Ao postar emoções, medos, sensações e utopias aqui, através de fotos, pensamentos, crônicas, artigos e poesias, entrego a vocês um pedaço enorme do meu coração, por vezes ferido, outras alerta ou contente. Use com moderação!

24 janeiro, 2009

Viver ultrapassa o entendimento (*)


Pela primeira vez, desde que escrevo para o Coletiva, experimentei um desânimo, falta de assunto e vontade de mandar tudo práquelelugar (sei que não é junto, mas digamos, criei uma figura de linguagem). Se você é meu leitor de carteirinha, não se preocupe não se trata de TPM e nem crise de identidade. Tudo passa. E, se você odeia minha coluna (ai, te pego um dia de jeito) e fica mandando comentários negativos, não se anime muito. Pode ser a saudade da rotina da redação, dos amigos que não procuram, do sol que sumiu, do chope com batatas fritas com o namorido. Coisas de Porto Alegre Triste no verão.
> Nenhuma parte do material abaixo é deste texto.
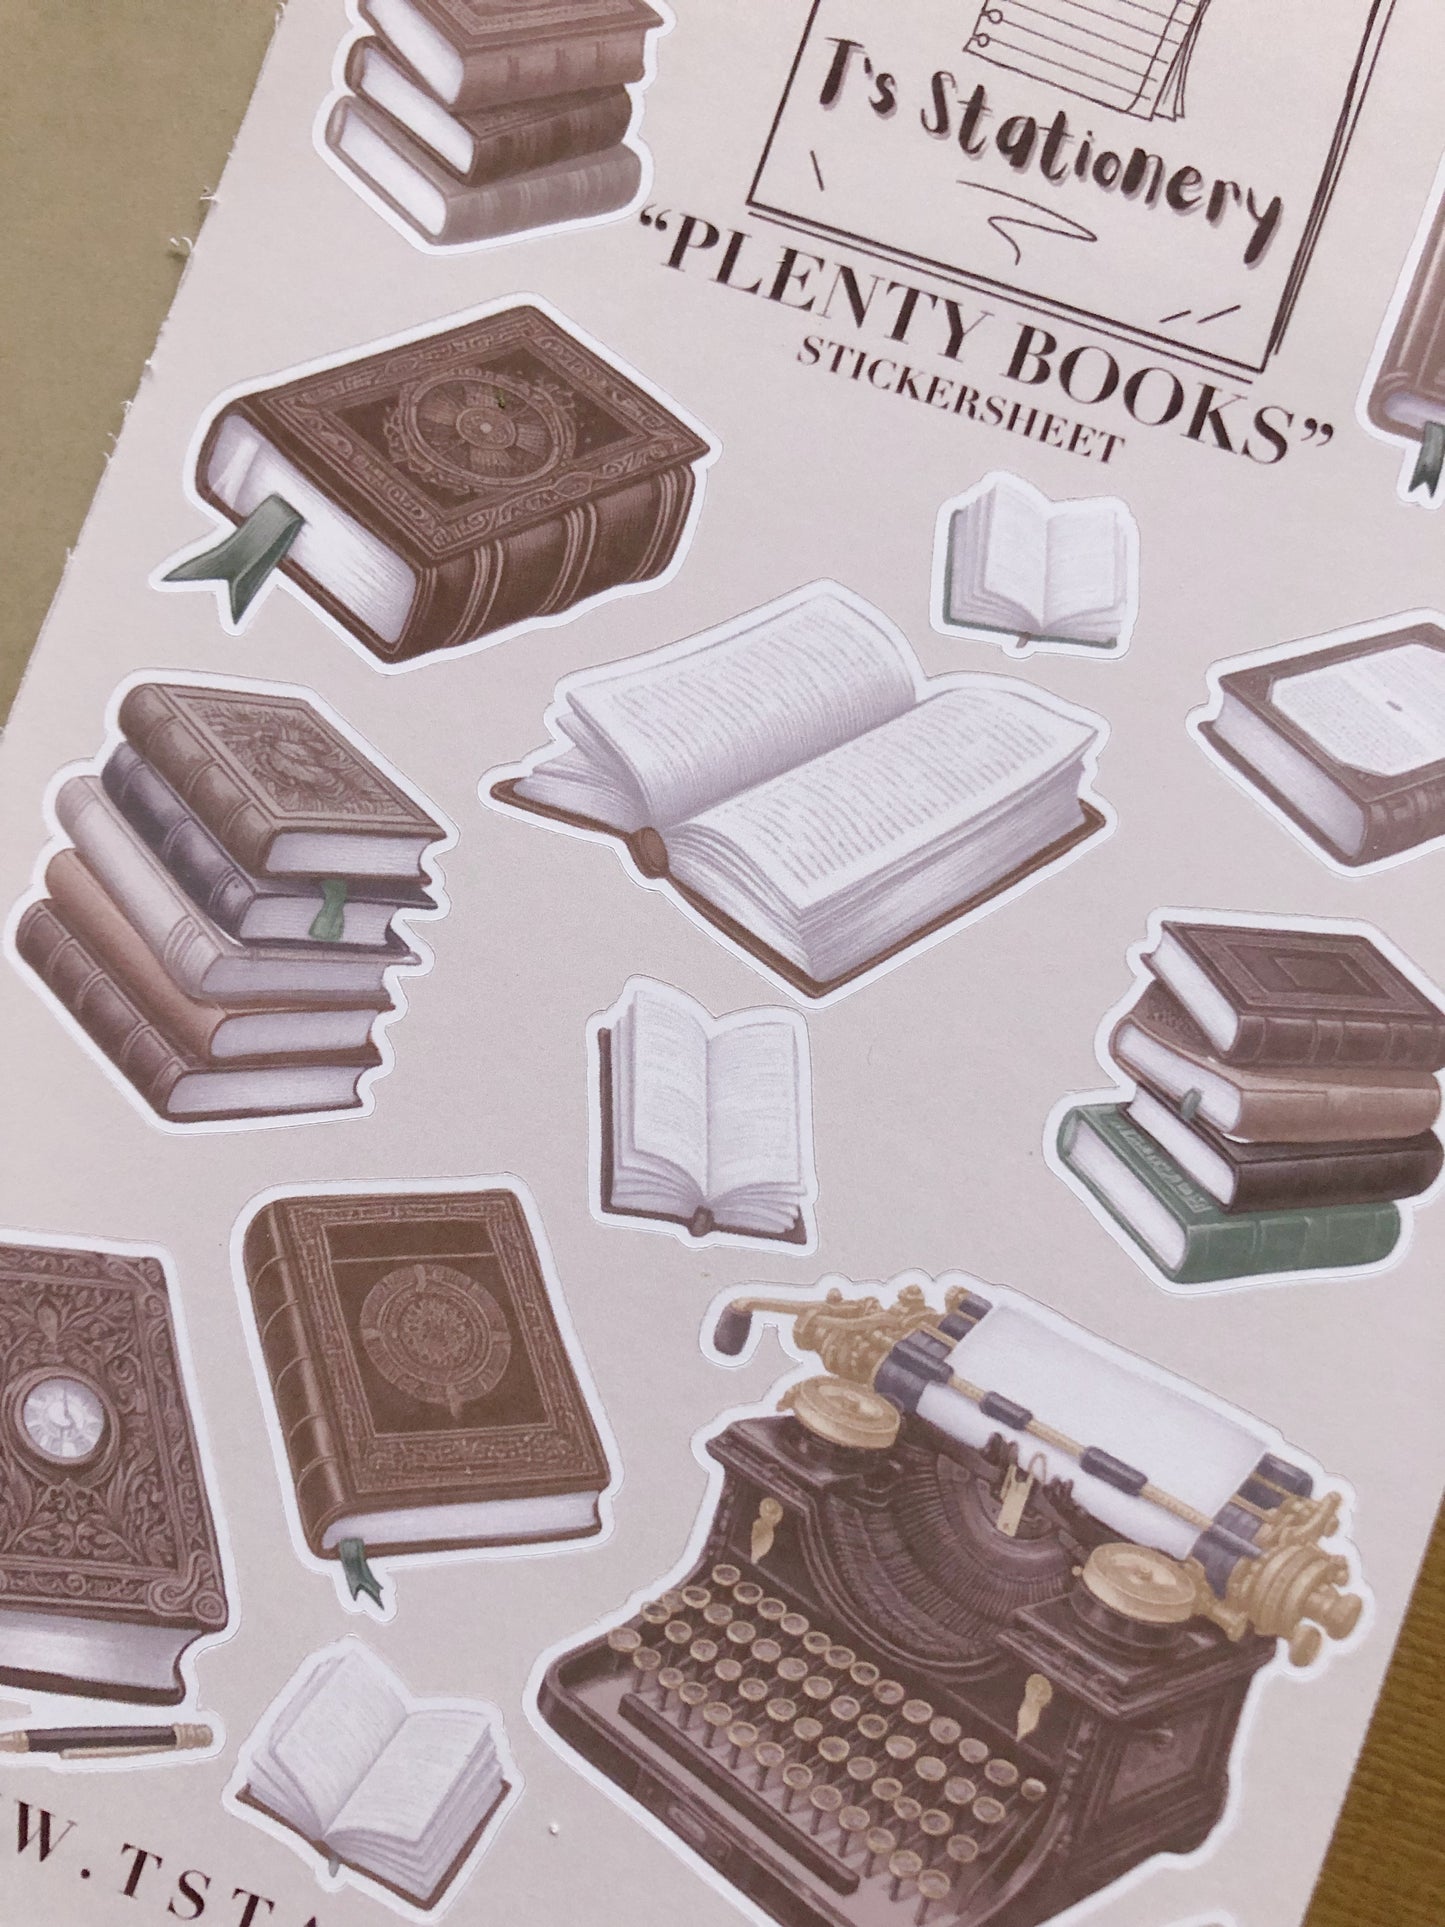 "Plenty Books" Sticker Sheet

E vamos combinar! Não há nada tão triste com a saudade. Clarice Lispector, que assim como Caio Fernando Abreu, tem passagens ótimas para os dias em que se está blasé, já disse. “Saudade é um pouco como fome. Só passa quando se come a presença. Mas, às vezes, a saudade é tão profunda que a presença é pouca: quer-se absorver a pessoa toda”. E prossegue; “essa vontade de um ser o outro para uma unificação inteira é um dos sentimentos mais urgentes que se tem na vida”. Sei que a definição é literal, mas não tenho como absorver tantas situações de saudade que me oprimem.
Na trilha de Clarice, vou tentar diminuir esta dor que hoje sinto e que é só minha e lembrar que “viver ultrapassa todo o entendimento”. Então, se não é possível entender tanta vida levada ao extremo, vou fingir que não tou nem aí se já não posso correr para os braços de minha mãe e pedir consolo porque ela está adoentada e não pode se incomodar mais. Ultrapassa o entendimento. E que mais pai redescobri tardiamente e mora distante para eu pedir-lhe um carinho presencial. E que os amigos especiais (aqueles 7/8) são amigos, mas não podem viver nossa vida por nós. Ultrapassa o entendimento.
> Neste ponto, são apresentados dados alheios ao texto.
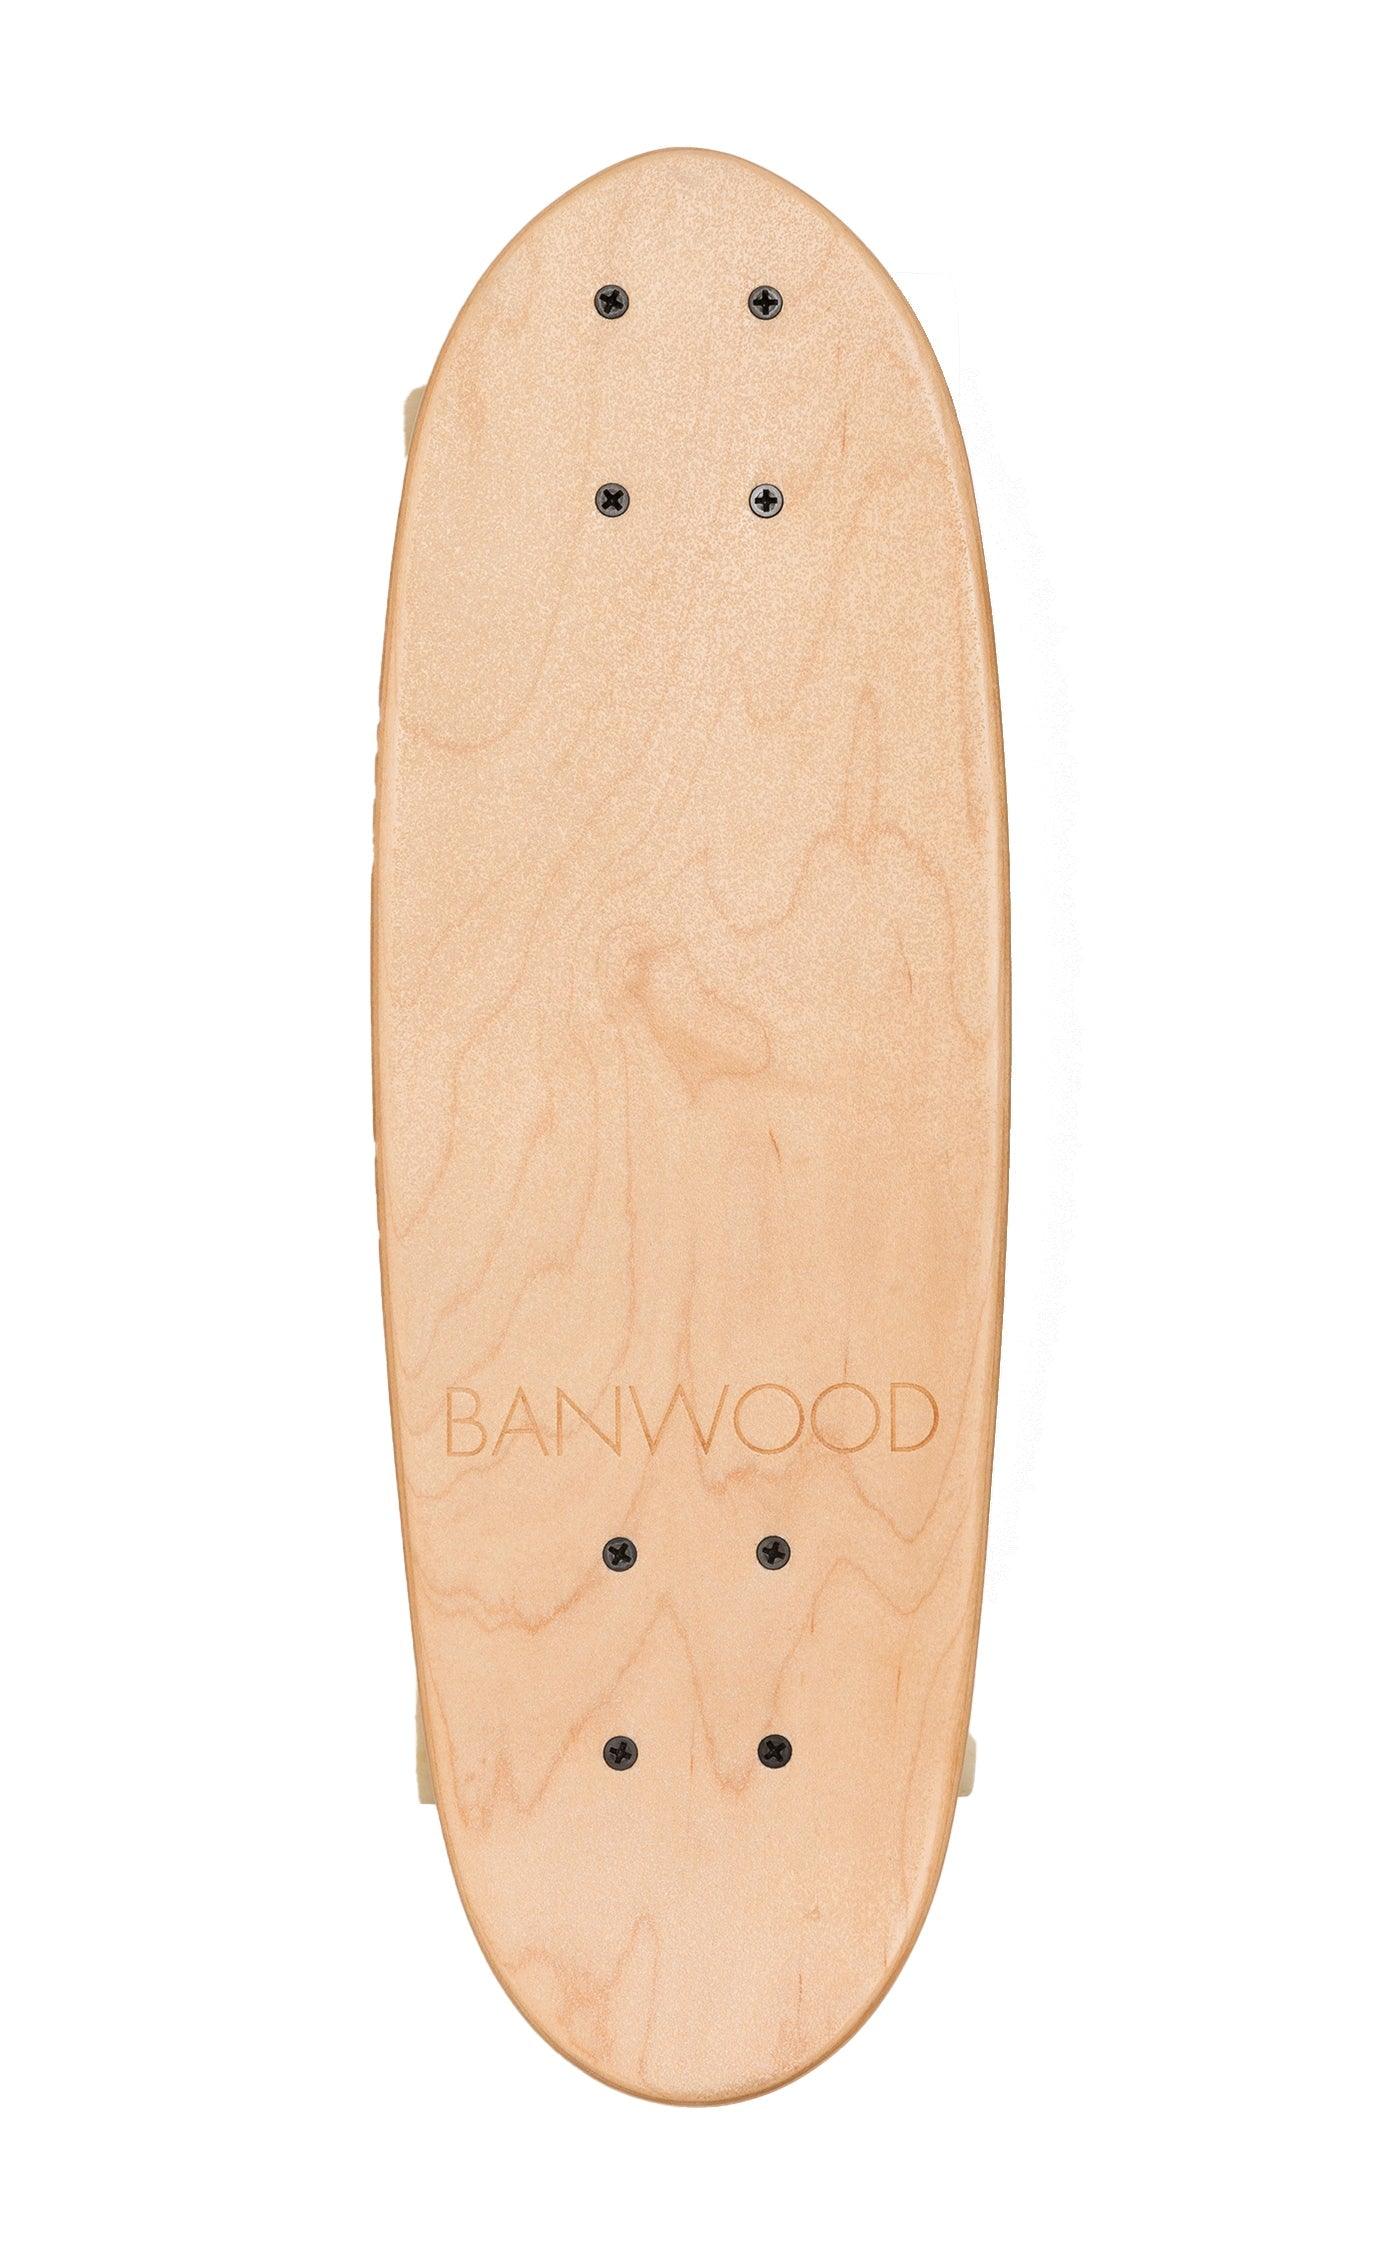 Banwood Skateboard - Why and Whale

Novamente, me apropriando de um pensamento de Clarice (aff, será ela não deve ser co-autora da coluna?), recordo de um que se encaixa muito bem no meu dia de paisagem. “Sou como você me vê. Posso ser leve como uma brisa, ou forte como uma ventania, depende de quando e como você me vê passar”. Mas, hoje, sinto-me leve como uma brisa, incapaz de convidar você para olhar o pôr-do-sol do Guaíba, um café na Casa de Cultura Mário Quintana, uma volta no Mercado Público ou um passeio na Redenção. É que estou leve, mas com sentimentos capazes de produzir furacões e vulcões. Não se aproxime!
Palavra de mulher. Semana que vem nem me lembrarei deste texto derramando fel, do meu descontentamento com as saudades que serão sempre só saudades e nada mais, do sumiço de amigos, da música “Atrás da Porta” que se repete no play do CD, talvez não lembre nem de mim este estado de desligada da tomada. Uma das muitas coisas que aprendi com Clarice (tou extremamente íntima, viram?) é que se deve viver apesar de. “Apesar de, se deve comer. Apesar de, se deve amar. Apesar de, se deve morrer. Inclusive, muitas vezes, é o próprio apesar de que nos empurra para frente”. Que assim seja!